University of Mary Washington professor Stephen Hanna is the recipient of a three-year grant from the National Science Foundation (NSF) to conduct fieldwork at plantation museums in the American South. Hanna is professor of geography at UMW, and is an expert on commemorative landscapes, cartography, and critical applications of GIS.
The NSF grant, totaling $445,423 over three years, will support the project “Transformation of Racialized American Southern Heritage Landscape.” Hanna is co-principal investigator for the project with David Butler (University of Southern Mississippi), Derek Alderman (University of Tennessee), Perry Carter (Texas Tech University), Amy Potter (Armstrong Atlantic State University), and Arnold Modlin (Norfolk State University).

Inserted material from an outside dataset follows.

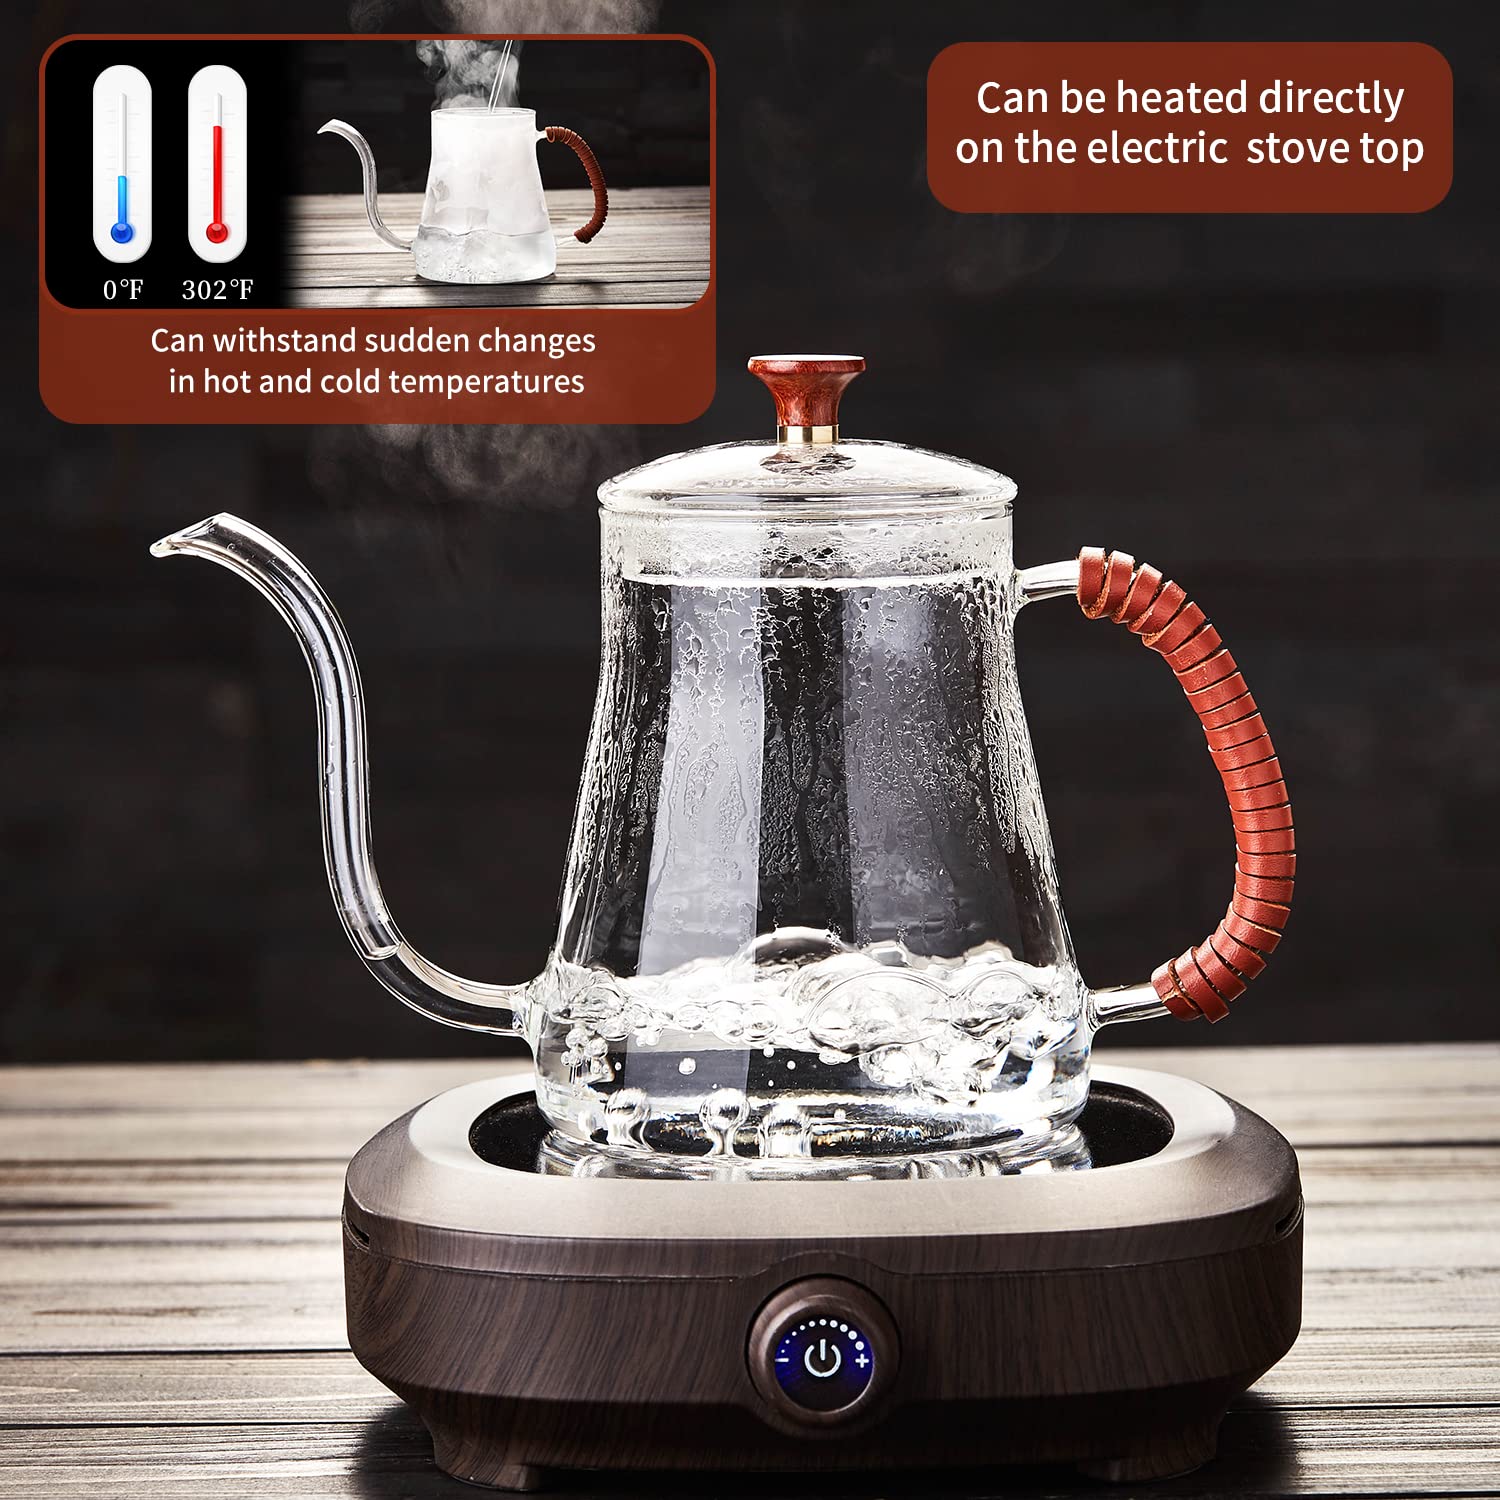 Unbreakable Gooseneck Kettle for Drip Coffee 20OZ Pour Over Coffee Kettle Tea Kettle for Stove Top,600ml/20oz Glass Coffee Kettle with Lid,Water Kettle Coffee Pot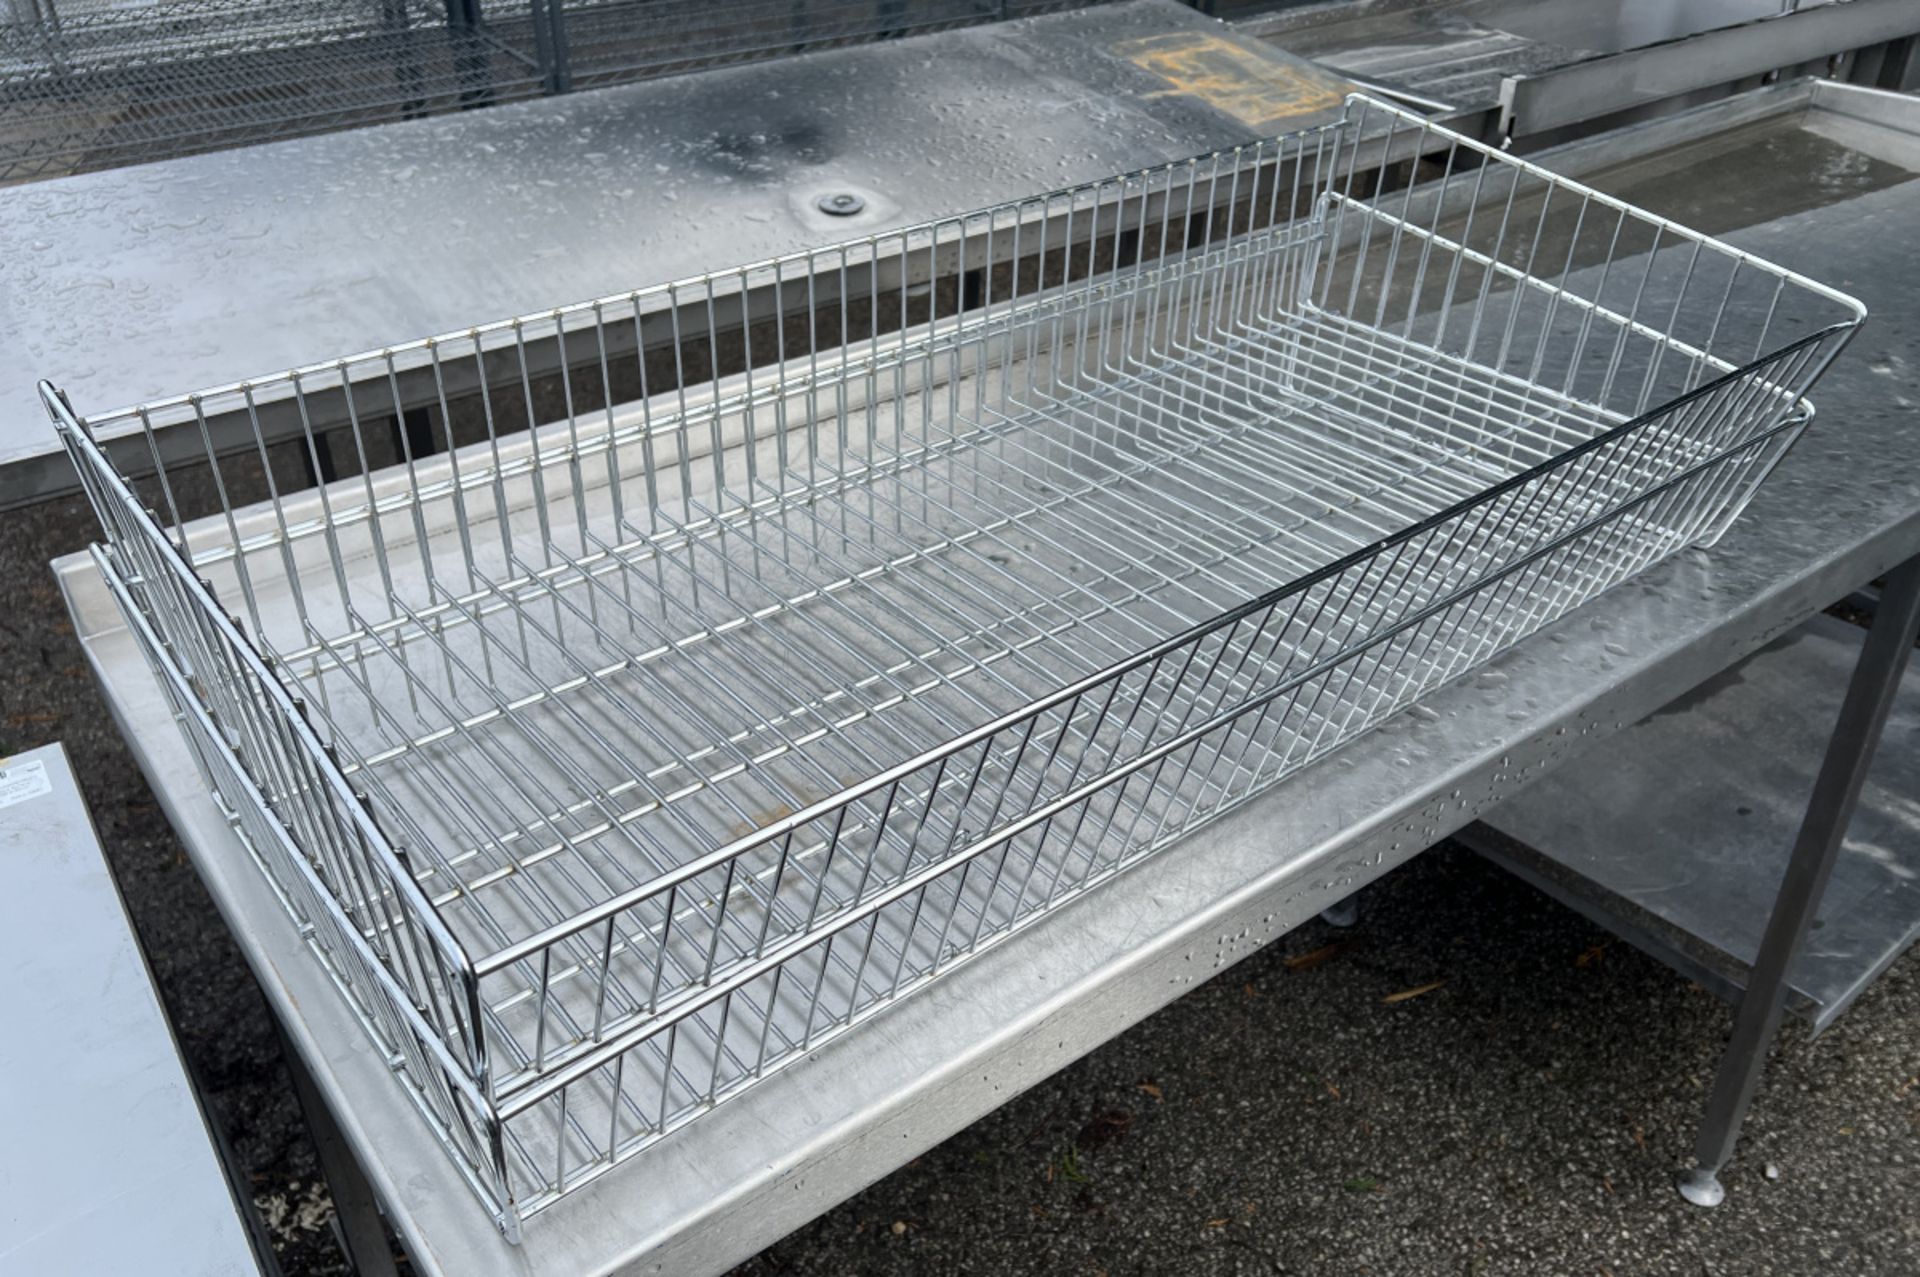 Gi Gant adjustable-height table or work surface - 200 x 60 x 75-85cm, 2x wire baskets - Image 4 of 4

The grant, supplemented by Hanna’s Waple Professorship, will allow Hanna and three UMW undergraduate students to join faculty and graduate students from the other universities to conduct fieldwork at plantation museums in Louisiana, coastal South Carolina and Georgia, and Virginia’s James River region.
During the fieldwork, students and faculty will survey and interview plantation visitors, tour guides, and owners, and will conduct participant observations of the tours. Based on pilot research already conducted at four plantation museums in Louisiana, the researchers aim to determine how and to what extent narratives of the enslaved are incorporated in the landscapes and narrations of these museums. They will document visitors’ experiences to show how the role of slavery in the region’s and country’s history are presented at these sites.
Throughout the project, Hanna will teach UMW students to transcribe, code and analyze qualitative data. Students will map the plantation sites and create a website, hosted by UMW, to disseminate the project’s results.